Brooks is being prosecuted for, among other things, securities fraud, mail and wire fraud, insider trading and false filing of tax returns.  Below is a summary of the relevant allegations set forth in the indictment. 

Who Is The Defendant?

Under the general description of who defendant David Brooks is, there is an entire paragraph in the indictment that discusses Brooks as a member of the United States Trotting Association whose biography was included on the USTA website under a listing of the sport’s leading owners.
 
The indictment goes on to say that “Brooks or companies he owned or controlled held title to approximately 100 trotting horses and breeding horses.” While that may be a low estimate, the indictment goes on to state that defendant Brooks spent millions of dollars each year relating to the care and training of these horses and was also “intimately involved in the management of the business.”
 
The tie-in in the indictment is that there is no connection between DHB Industries Inc. (“DHB”) and Brooks’s personal horse business which, according to the indictment, was often funded with DHB monies. 
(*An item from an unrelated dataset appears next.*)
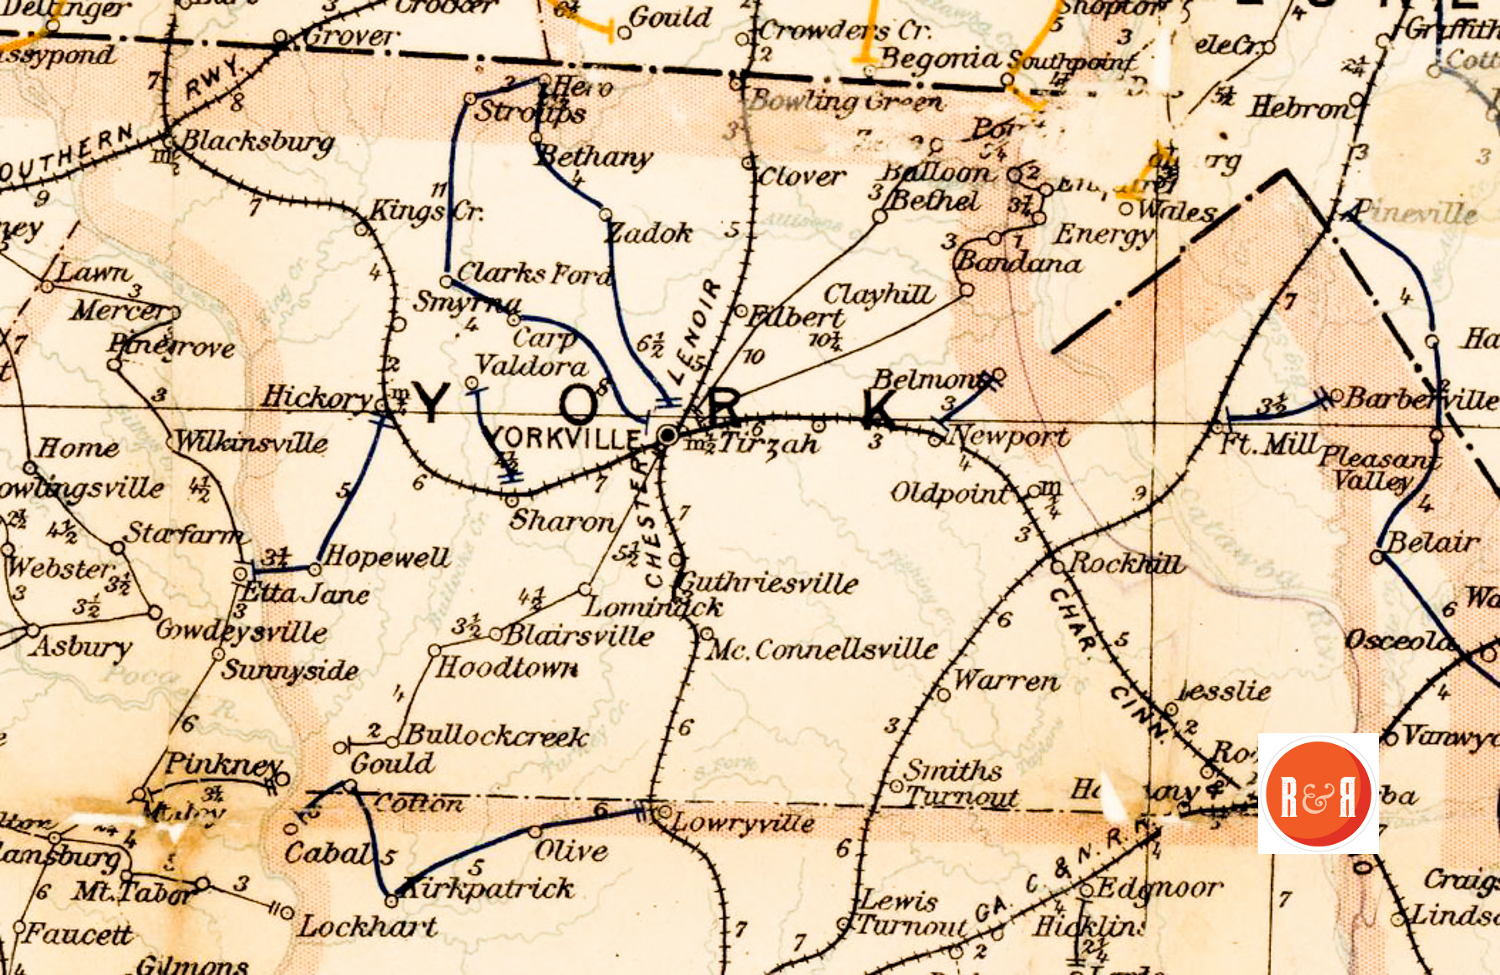 1850s Map Showing Guthriesville, S.C.

In addition, the indictment discusses many companies privately owned or controlled by defendant Brooks, including Perfect World Enterprises LLC and VAE Enterprises LLC. These companies, according to the USTA, are the owners of harness racehorses and/or broodmares. 

Unauthorized And Undisclosed Executive Compensation 

One “component” of the defendants (David Brooks, the founder and former chairman of DHB and Sandra Hatfield, the former chief operating officer of DHB, are the two defendants) “scheme to defraud” DHB shareholders and the investing public was “the payment by DHB or one of its subsidiaries of expenses related to Brooks’ horse business,” according to the indictment.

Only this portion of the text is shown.